# This might qualify here as well



## Salty dog (Aug 11, 2011)

As I watched the towers burn nearly 10 years ago I remember thinking to myself, "those buildings are going to come down". Then I thought about the people scrambling down the stairwells......Then I thought about those scrambling up. They also suspected those buildings were going to come down but they went up anyway. 

With that in mind, I will be hosting a dinner commemorating the 10th anniversary of 9/11 at my restaurant. *ALL* the proceeds will go to the "Wisconsin Alliance for Fire Safety" childrens burns camp.
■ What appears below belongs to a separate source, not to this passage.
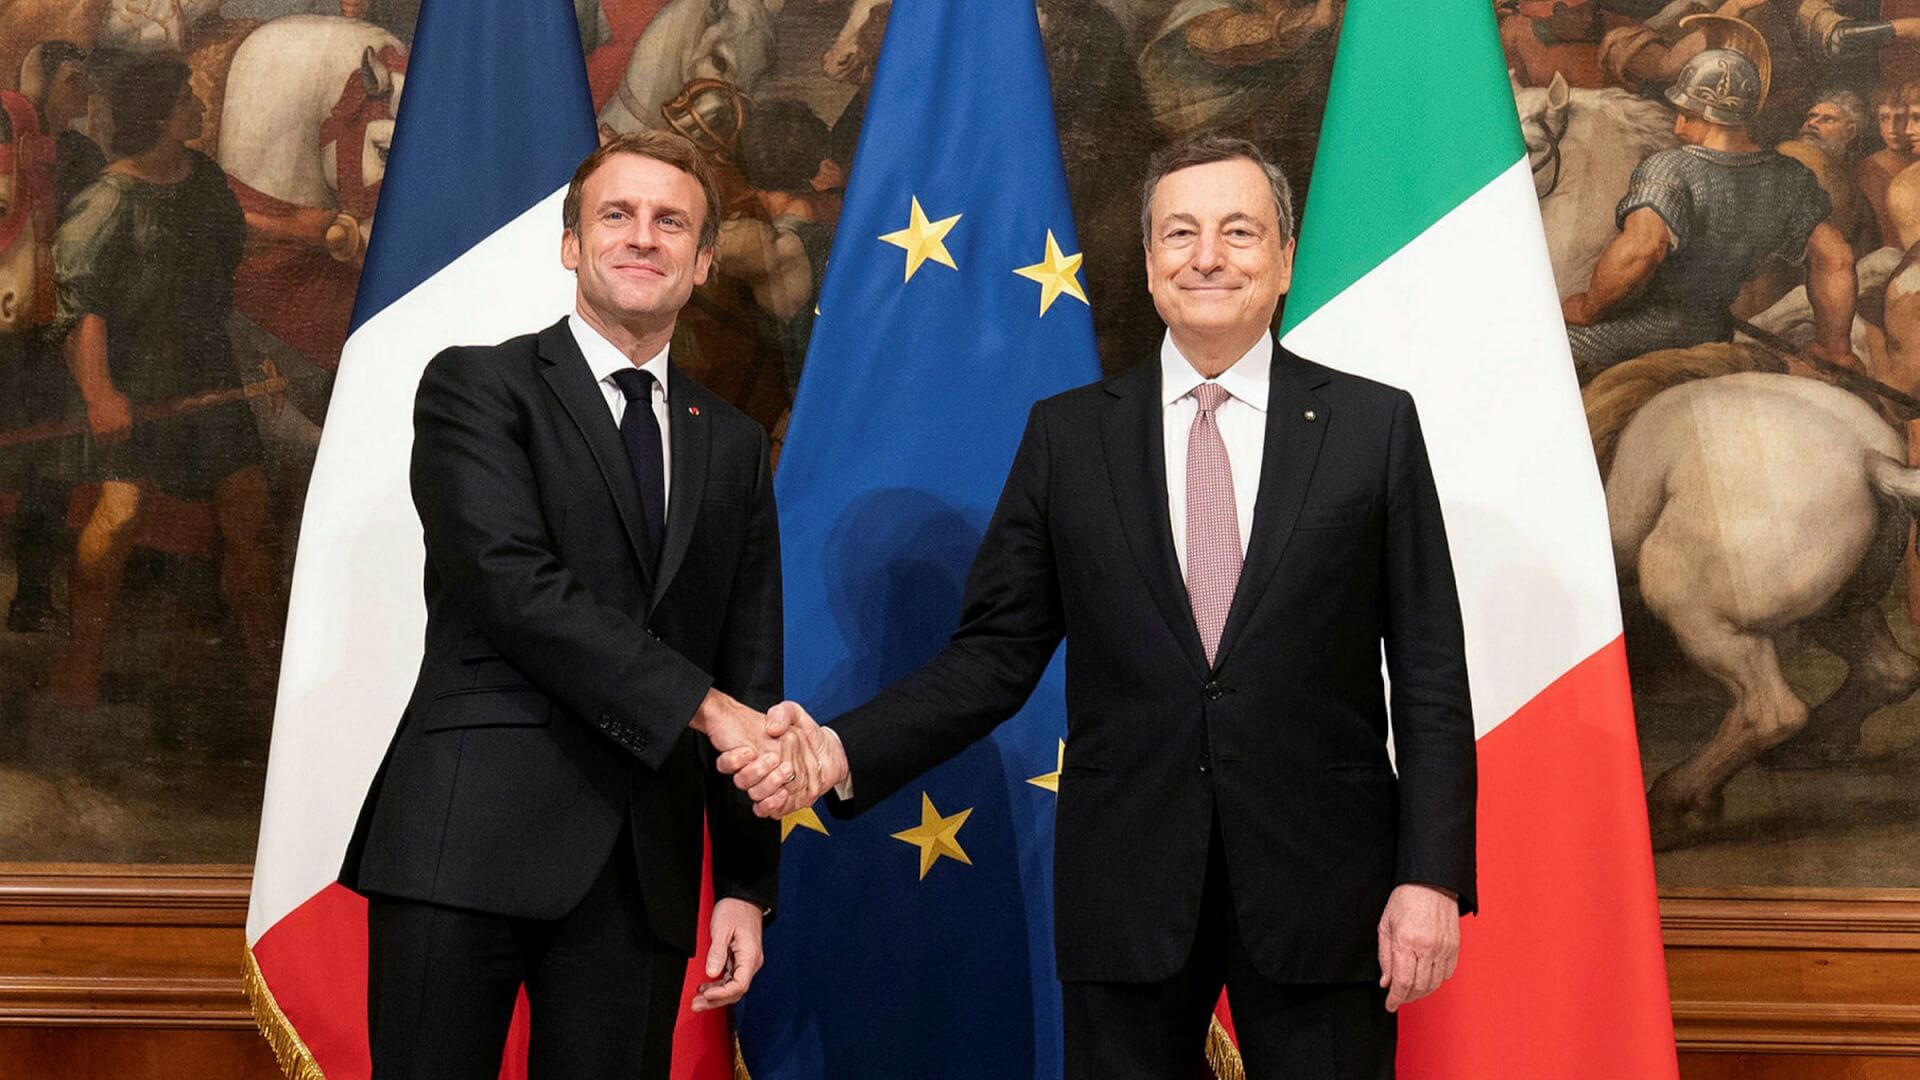 France’s Macron, Italy’s Draghi Call For EU Fiscal Reforms To Allow Greater Investment

It's a place where burn injured kids can hang out with other kids just like them for a week of fun and activities. A place to forget the scars. 

I'm looking for anyone who may want to volunteer and help out with the dinner or to attend. The cost to attend will be $91.10. For volunteers all I can guarantee is food, drink, fun and satisfaction.

There will also be an auction, including a custom Devin Thomas Western gyuto commemorating the date.

Please PT with questions.

As we used to say, "see you at the big one"!


----------



## BertMor (Aug 11, 2011)

Nice going Scott. I watched the towers go up sitting in French class when I was in high school. A friend's father was an engineer on the project. I had friends working on the 18th floor of the North tower, thankfully they all got out. I was home with a bad back, and watched CNN live at 8:49am as the second tower was hit. It was like watching a special effects movie, it couldn't be real. Until they came tumbling down, then it was horrific. I lost a tennis buddy that day.

If I was near WI I would be there to help out. I'm sorry I can't make it.


----------



## tk59 (Aug 11, 2011)

I would have loved to help. I remember the day well.


----------



## stereo.pete (Aug 12, 2011)

I remember it clear as day, I was asleep when one of guys from across my dorm hall woke me up and told me about it. I had already decided to ditch my Psychology class the night before, which enabled me to catch the second plane slamming into the WTC. Let's just say fate had me in front view of what terror really meant.


----------



## ecchef (Aug 12, 2011)

I have some memories of that as well, Bert. My father worked for one of the companies that used to transport the steel. I used to take a day off from school now and then to ride down into the hole with him. 

I was on an inbound 'R' train under the East River at 8:45 that morning. Seems like an eternity ago. Not that I particularly want to remember the details.

That's a nice thing to do Scott. Good and true work. Thanks.


----------